**DATASET CONTENT**

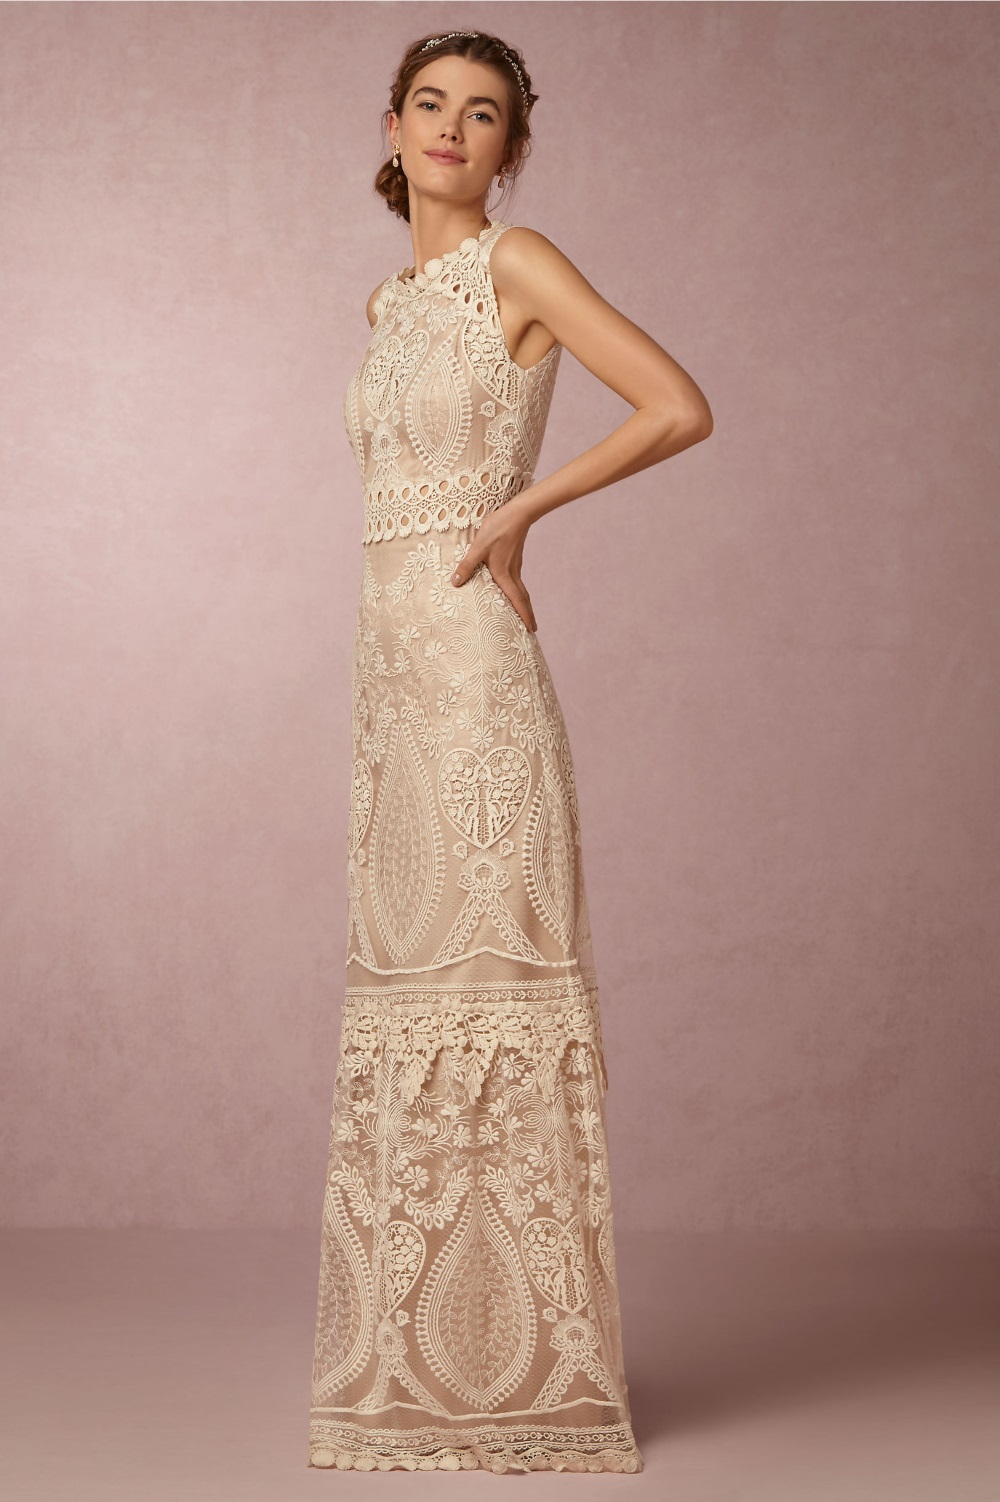 Roane\' Embroidered Bridal Gown - Chic Vintage Brides : Chic Vintage ...
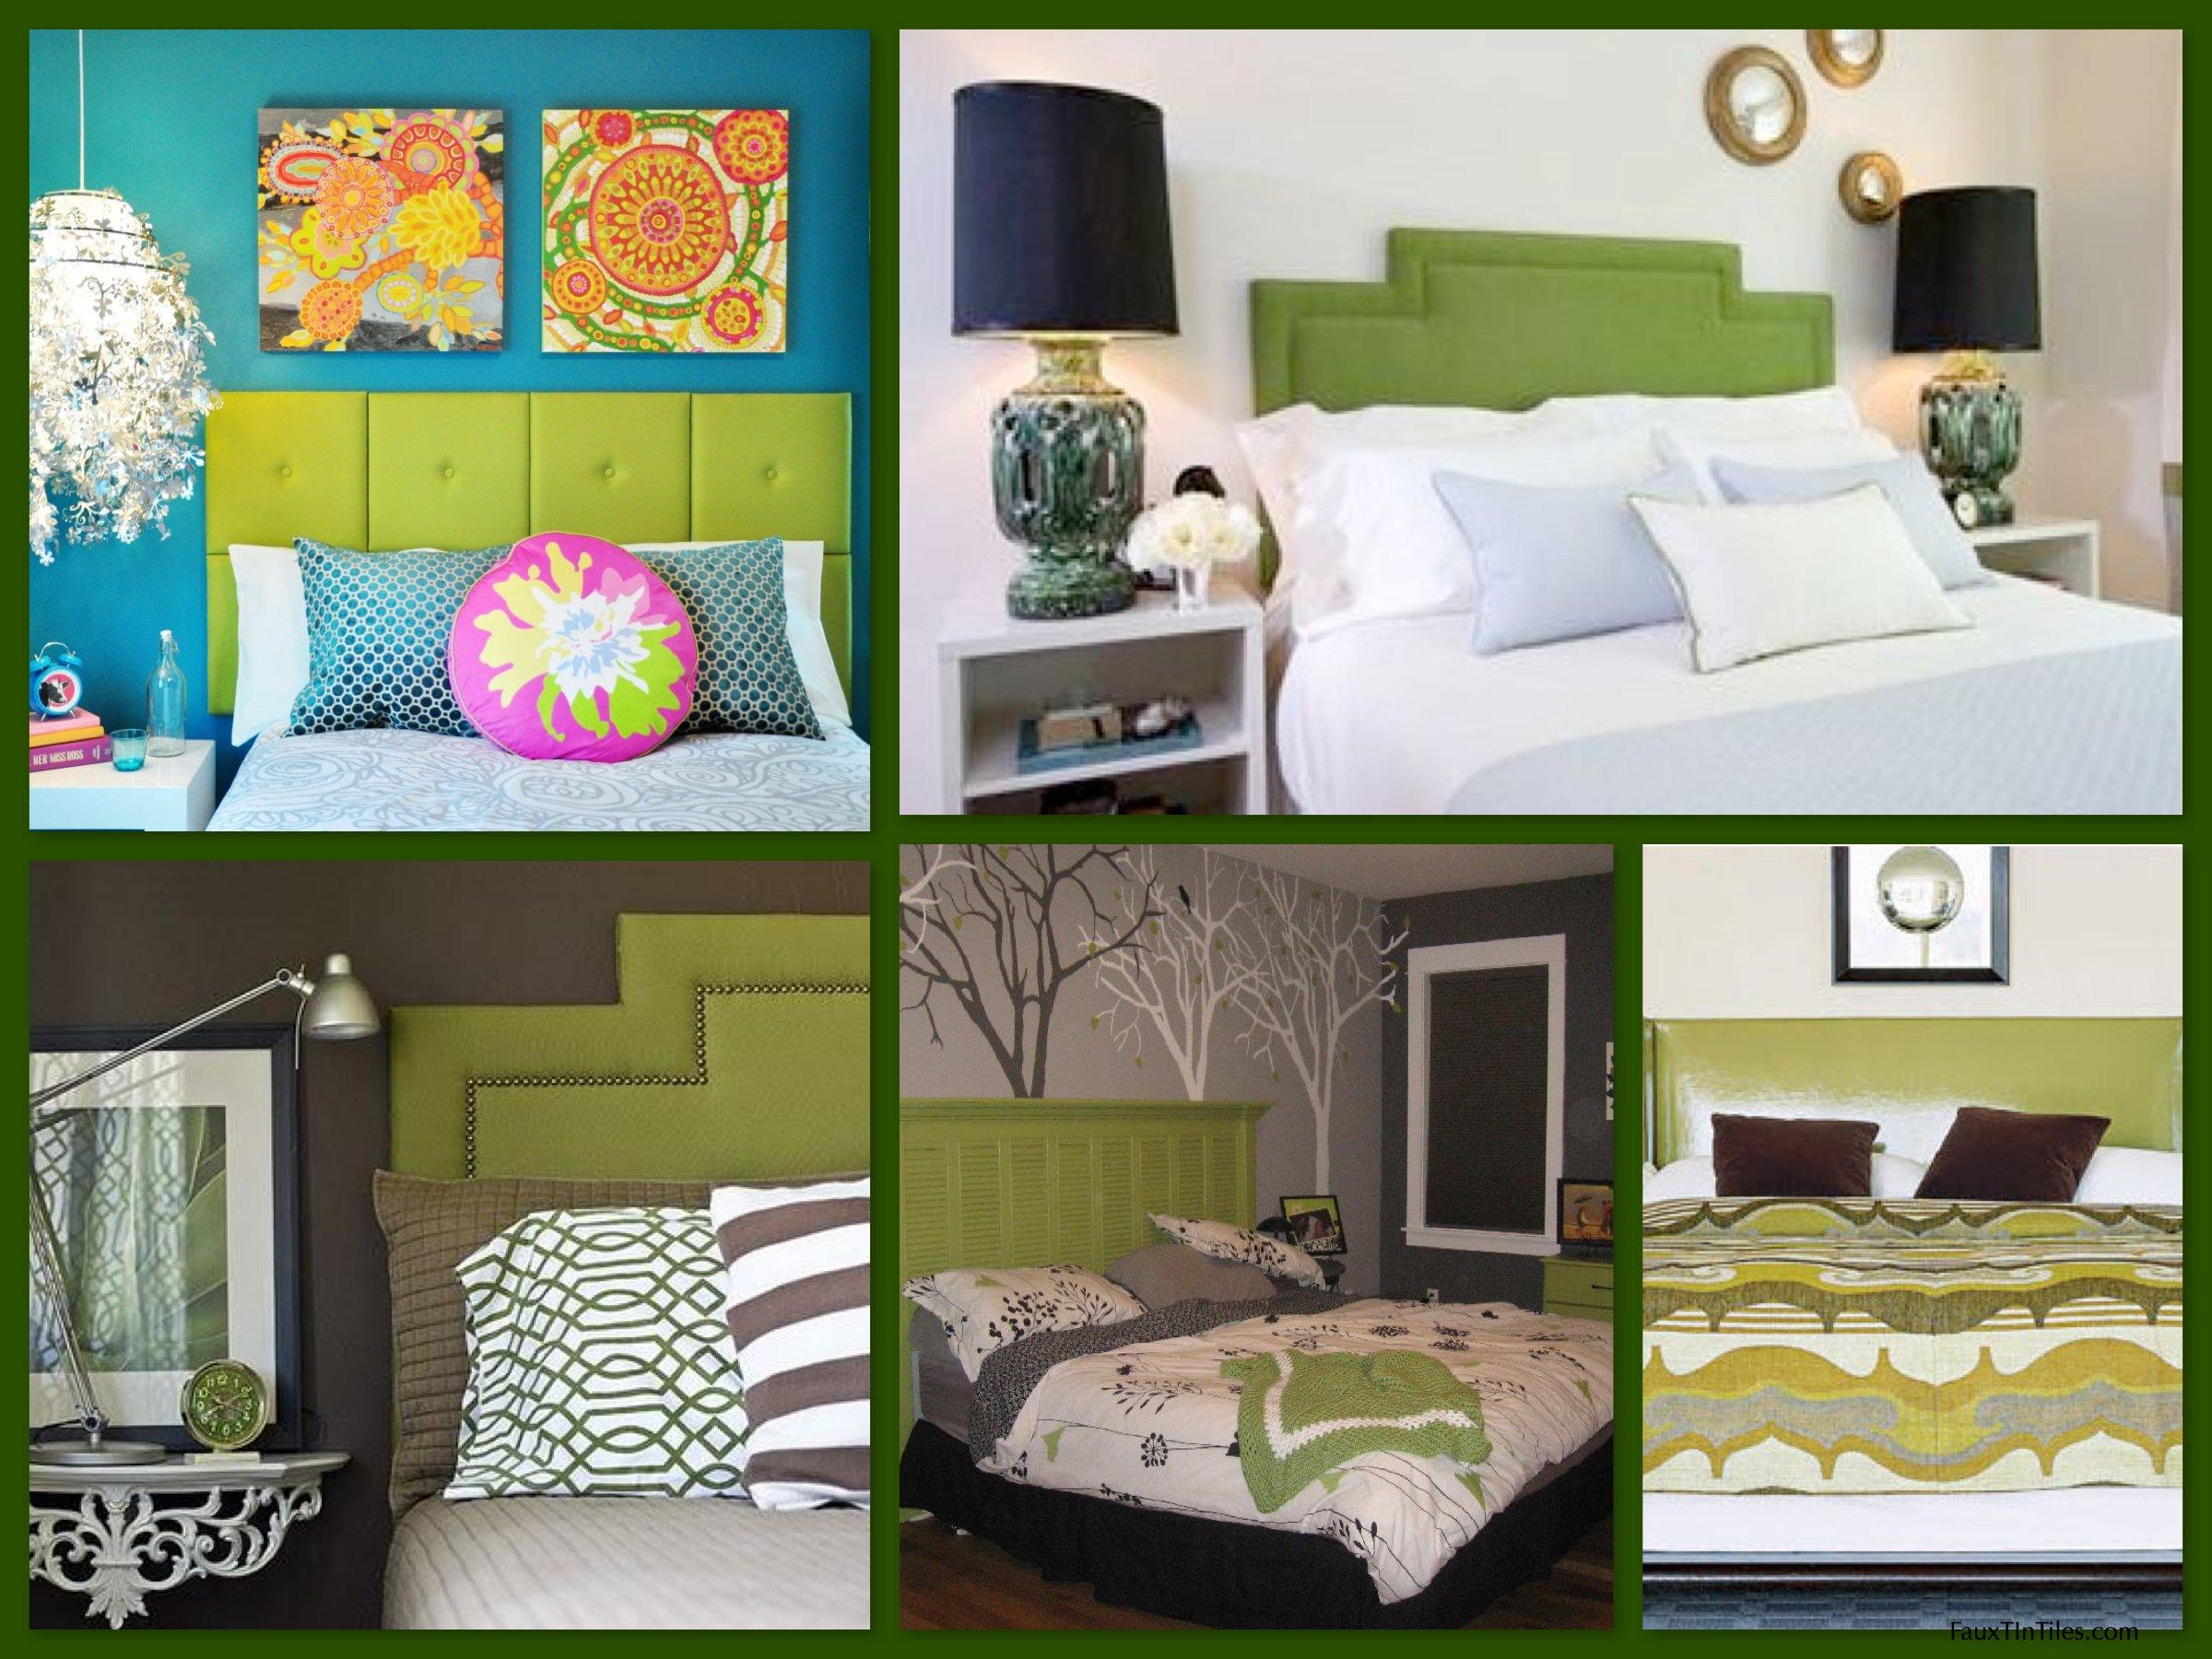 Green Ceiling Tile Ideas Decorative Ceiling Tiles
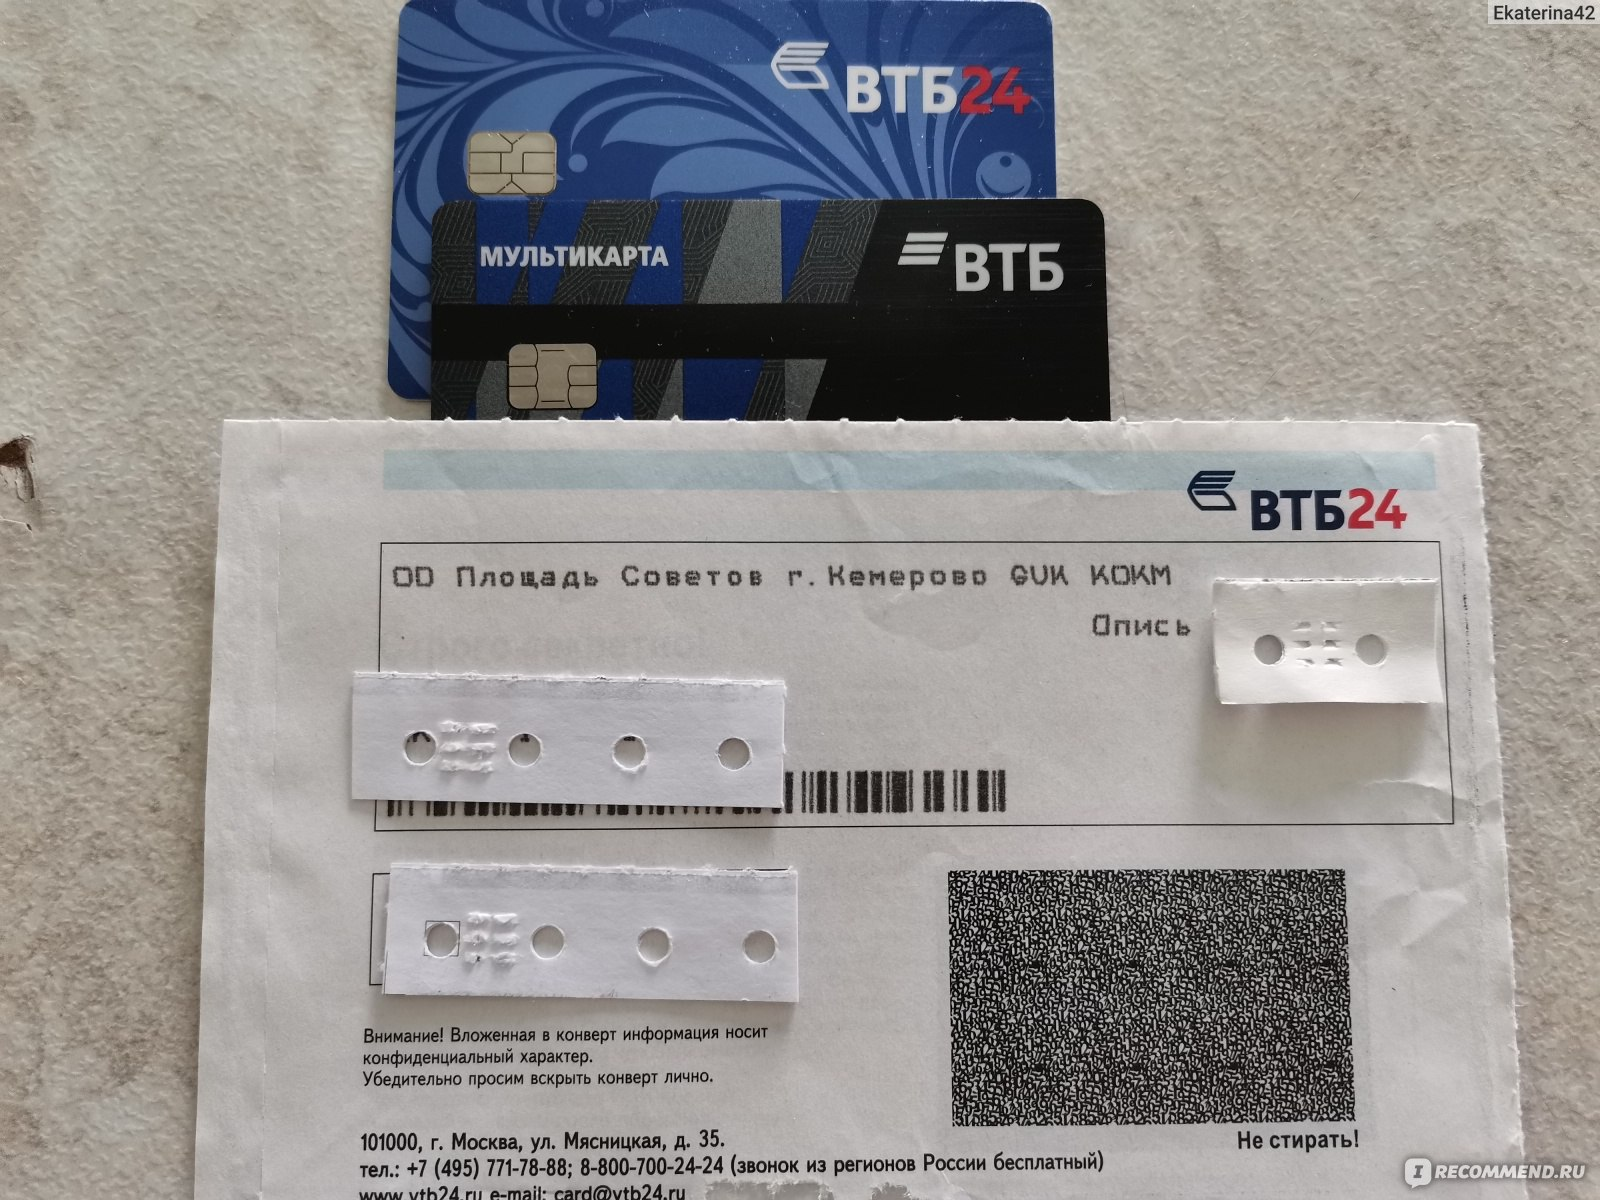 оставить заявку на кредит в отп банке онлайн заявка на кредит
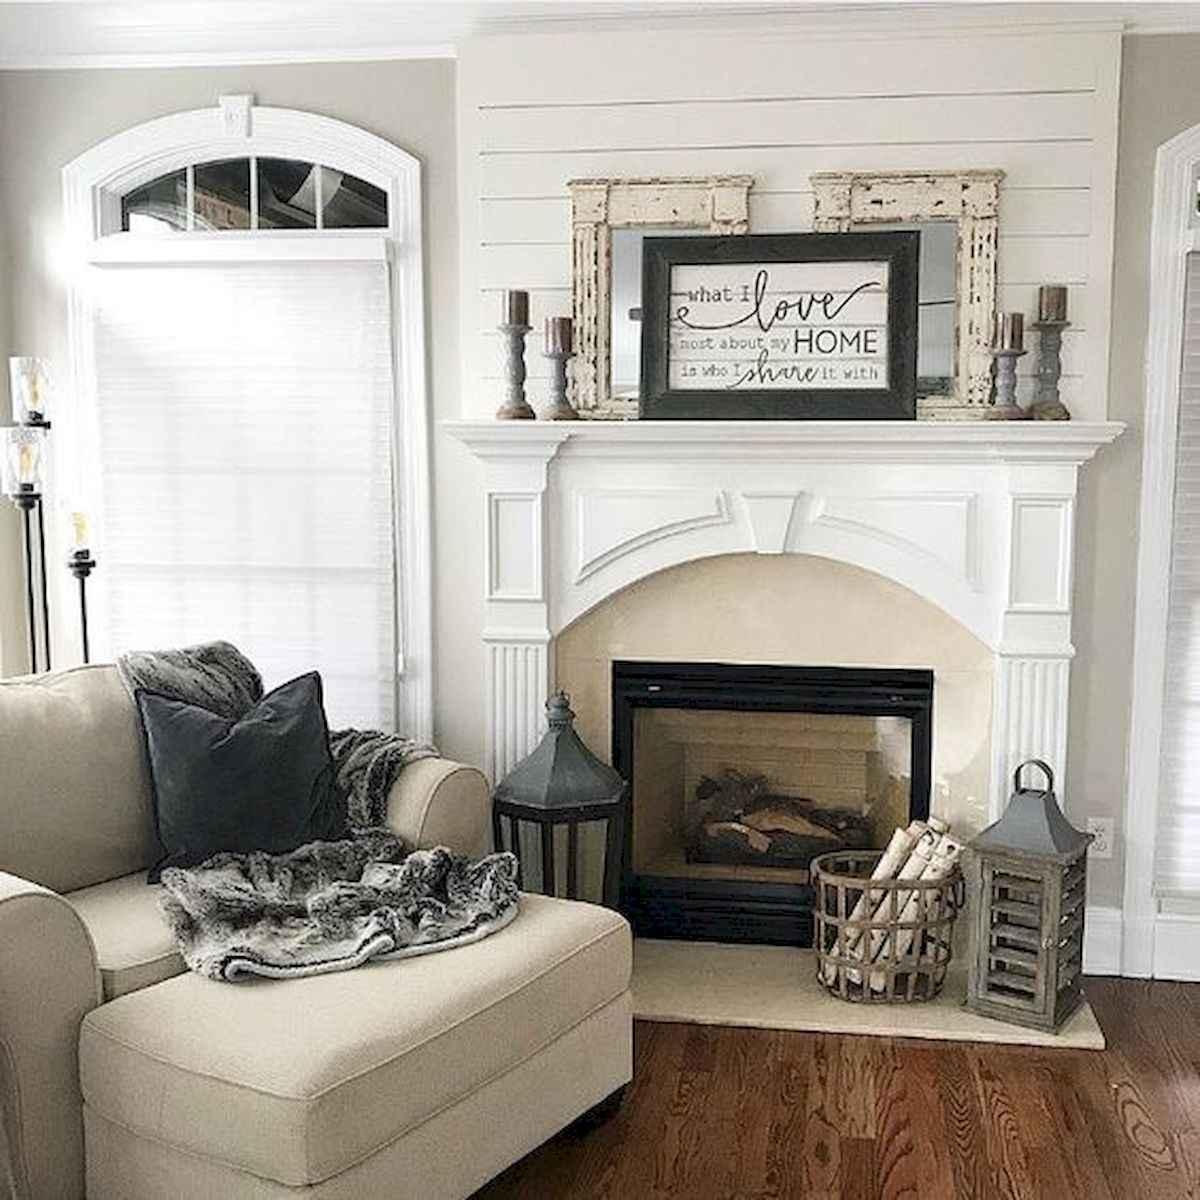 40 Awesome Fireplace Makeover For Farmhouse Home Decor (23)

**ACTION ITEM**
Write out the whole listing above exactly; do not include the pictures.

**EXPECTED ANSWER**
 Roane\' Embroidered Bridal Gown - Chic Vintage Brides : Chic Vintage ...
 Green Ceiling Tile Ideas Decorative Ceiling Tiles
 оставить заявку на кредит в отп банке онлайн заявка на кредит
 40 Awesome Fireplace Makeover For Farmhouse Home Decor (23)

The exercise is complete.